Sanki attığım her adımda hayata tutunuyordum, asla özgür değildim, asla özgür hissetmemiştim. Dünyanın beni tutacağını hissedememiştim ve hep bir yerlere tutuna tutuna ilerlemiştim. Şimdi Efe karşımda durmuş on binlerce insanın önünde bana aynen şöyle diyordu, “Sen bırak tutunmayı, dünya bizi sarmalar.”

İnsan sadece yaralarını iyileştirmez, insan sadece geleceğini güzelleştirmez, insan sadece anına huzur vermez, insan geçmişini de iyileştirir. Ben bugün, bu gece, tam şu saniye geçmişimin iyileştiğine şahit oldum. Efe benim çocukluğumu iyileştirdi, Efe benim çocukluğumu gülümsetti.

Şarkı bittiği an insanlar öyle büyük bir coşkuyla tekrarını istediler ki Efe Rengarenk Acılar’ı bu gece tam üç kere söyledi. Her dinleyişimde aynı acıyı, aynı heyecanı, aynı huzuru hissettim. Üçüncü tekrar sona erdiğinde ise içim korkuyla doluydu. Bu Efe’nin bu gece söyleyeceği son şarkıydı. Tek dileğim beni dinlemeseydi, tek dileğim o açıklamayı bu gece yapmamasıydı. Önündeki kalabalığın bu gece burada nelere sebep olacağını göremeyecek kadar heyecanlıydı ama her şeyden öte bana güvenmeliydi.

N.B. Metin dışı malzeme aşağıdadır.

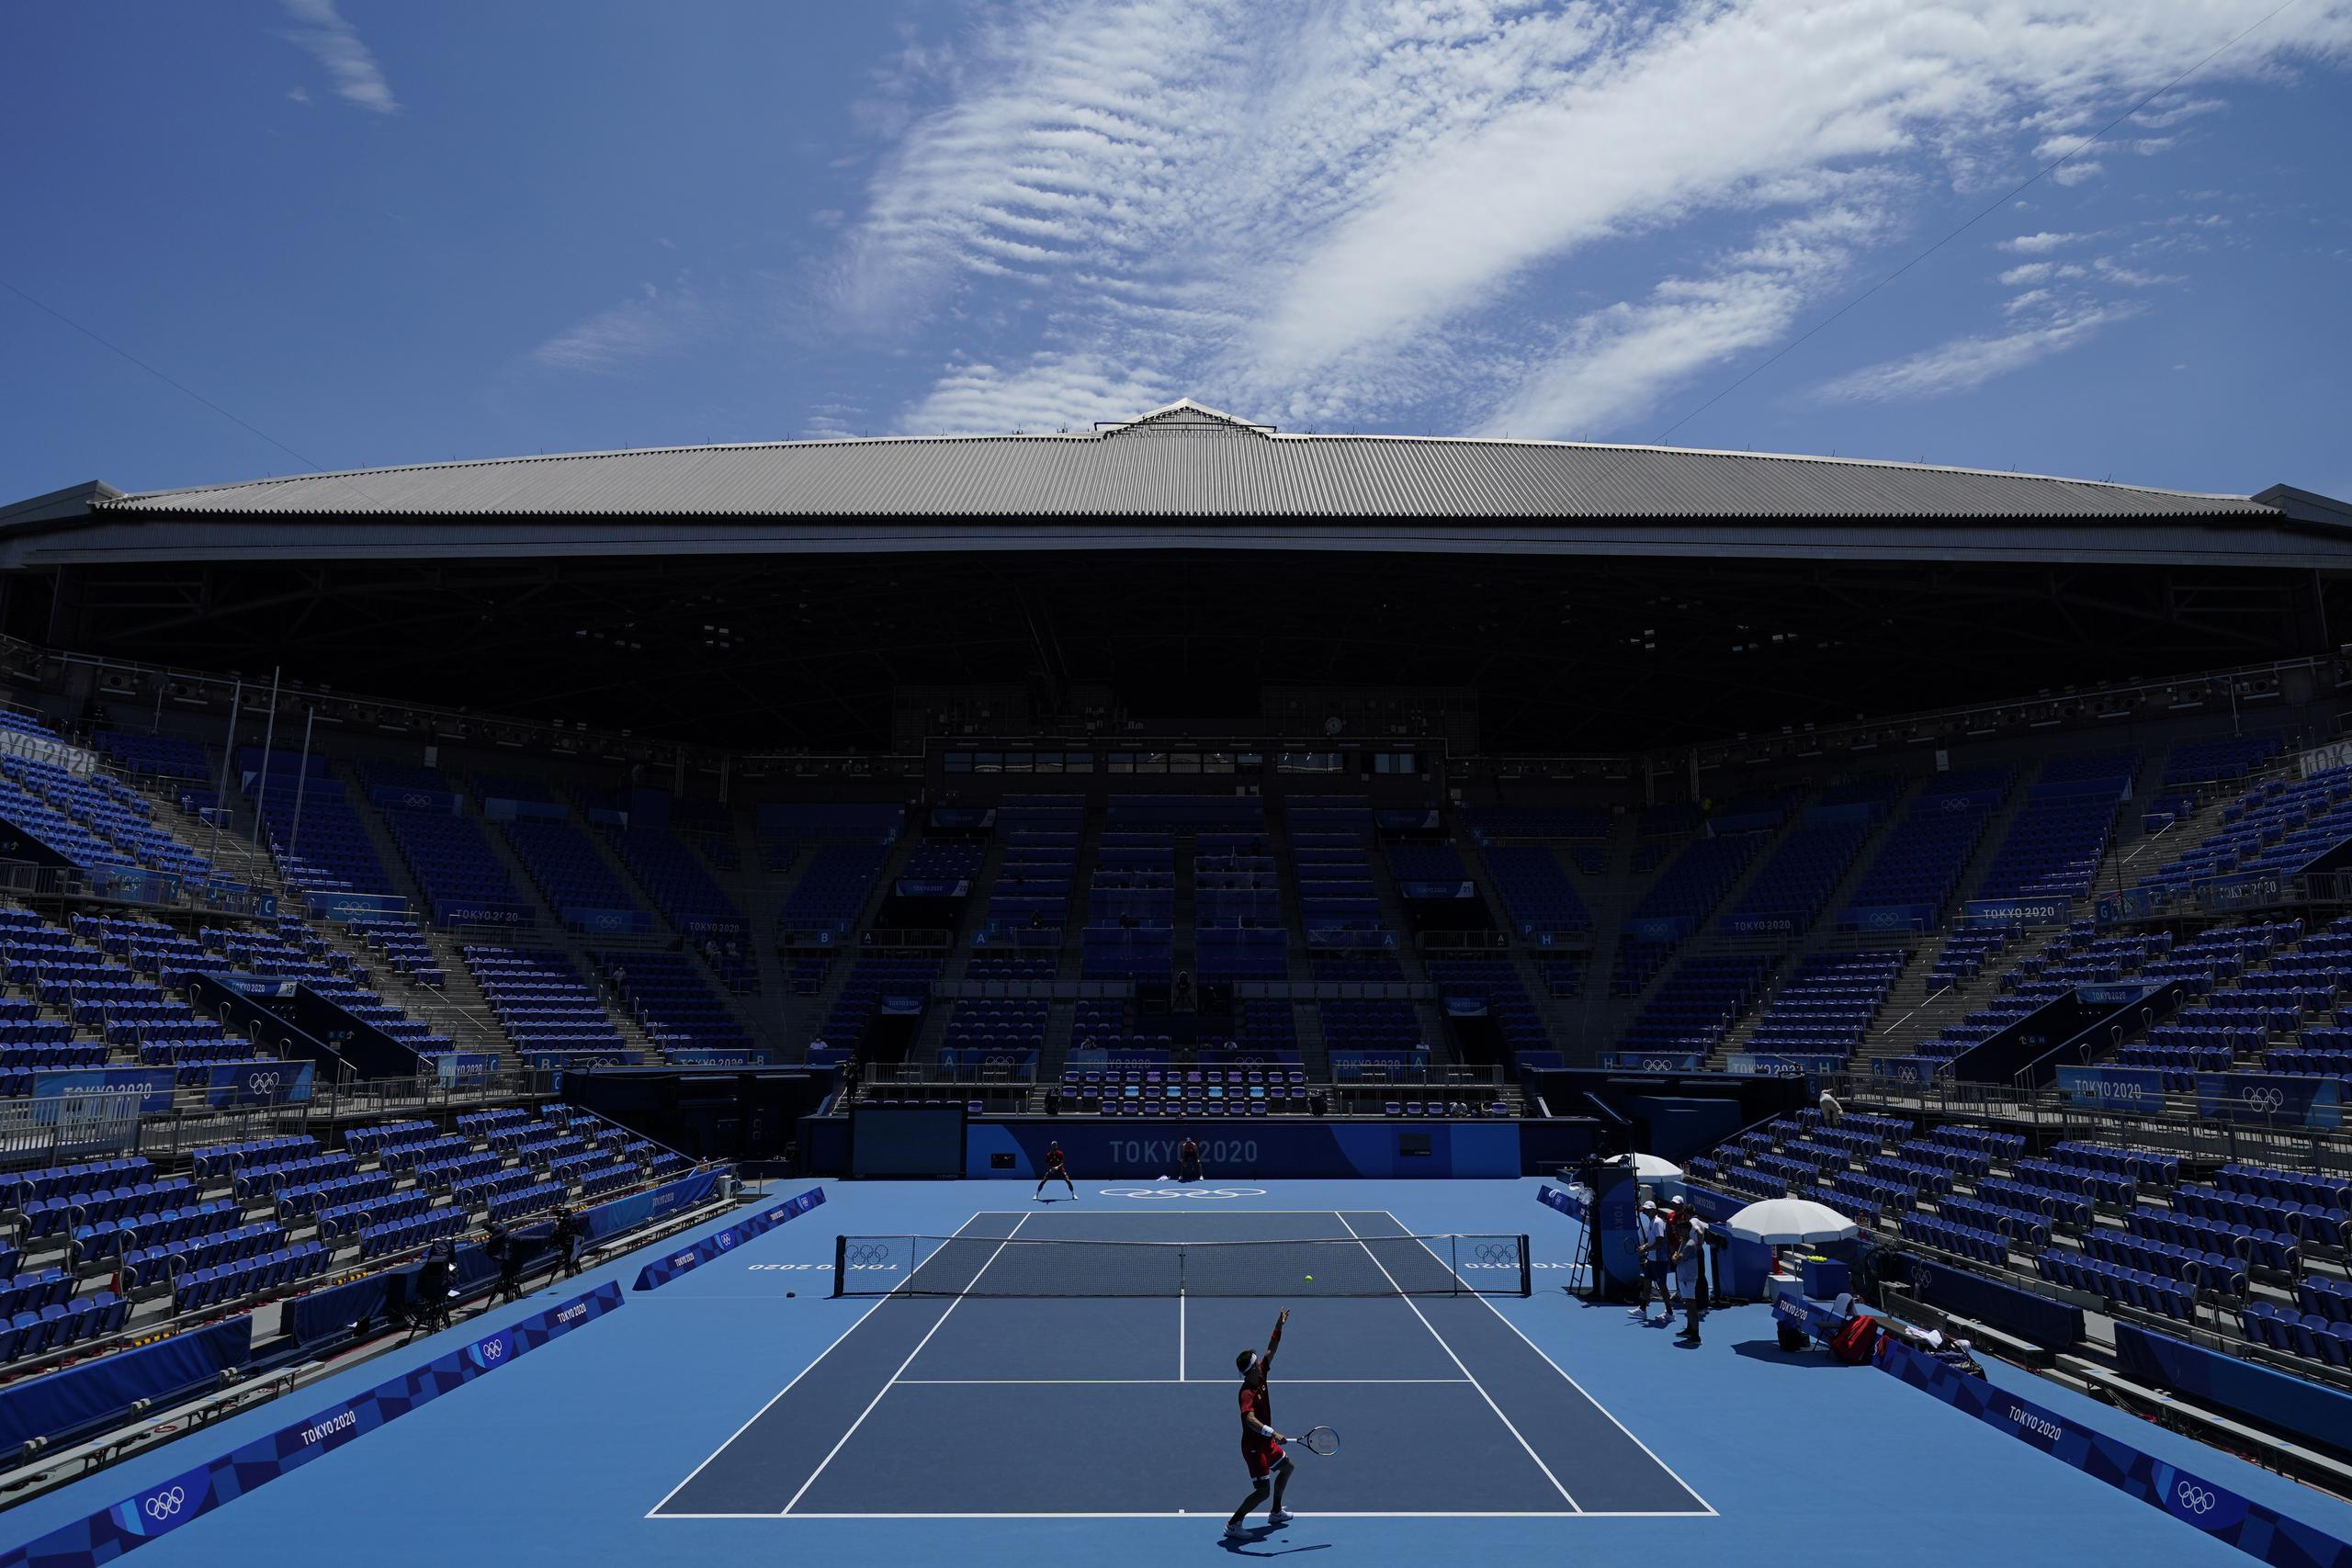 Los eventos del tenis de las Olimpiadas Tokio 2020 arrancaron el sábado en la mañana en el Ariake Tennis Center de Tokio.

“Şarkıda dediğim gibi...” diye söze girdi Efe, “İçinizdeki acıları biliyorum, tanıyorum. Mine’nin acılarının aynılarını yaşayanlarınız olduğunu tahmin ediyorum. Mine her birinizin kurtuluş adımı olsun. Bırakın tutunmayı çünkü dünya bizi sarmalar, güvenin dünyaya. Çocukluk fotoğraflarınızdan birini alın elinize, o fotoğraftaki o çocuğun saçlarını okşayın. Bu gece yanımda olan, olamayıp kalbiyle burada olan herkese sonsuz teşekkürler. Unutmayın, önce yağmur yağacak, sonra güneş açacak ve sonra gökkuşakları çıkacak. Ben Efe Duran ve bu gece benden bu kadar. İyi geceler dilerim.”

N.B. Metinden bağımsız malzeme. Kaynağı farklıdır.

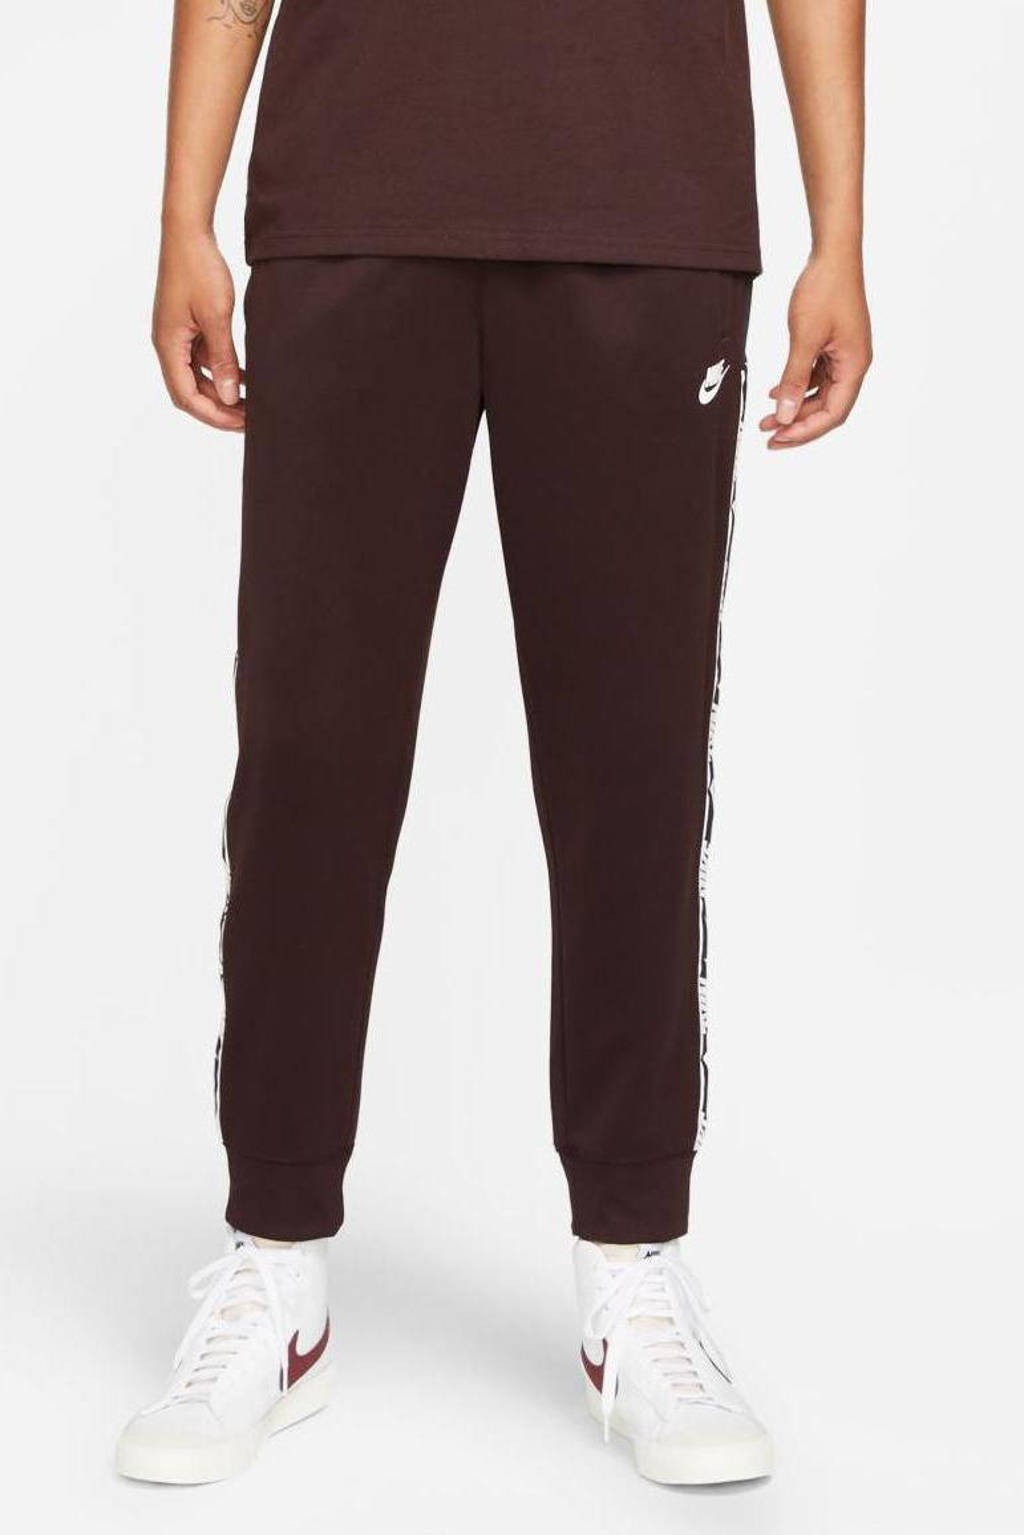 Bruine heren Nike regular fit joggingbroek van polyester met elastische tailleband met koord en logo dessin

Efe’nin konuşması bittiğinde ve bize doğru döndüğünde şok içindeydim. Beni dinlemişti. Bana güvenmişti. Müziği bıraktığını açıklamamıştı. Kalbimdeki mutluluk ve huzur anlatılamayacak kadar yoğundu. Tek yaptığım hiçbir şeyi umursamadan ve ne yaptığımın bile bilinçsizliği içinde birkaç adım koşarak ona sarılmaktı.

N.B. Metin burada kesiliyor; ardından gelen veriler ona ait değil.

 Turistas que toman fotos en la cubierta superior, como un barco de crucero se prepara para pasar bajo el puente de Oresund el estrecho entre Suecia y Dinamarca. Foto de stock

Nerede olduğumuzu unutarak, kaç kameranın bizi çektiğinin farkında bile olmayarak sıkı sıkı sarıldım ona. Bu sarılmanın bize nelere mal olacağını bilmiyordum ama karşıma çıkabilecek her şeye hazırdım. Tutunmayı bırakmıştım, tereddütlerimi ve korkularımı bırakmıştım.

Ne de olsa dünya bizi sarmalardı.

Biz rengarenk acıların savaşçılarıydık.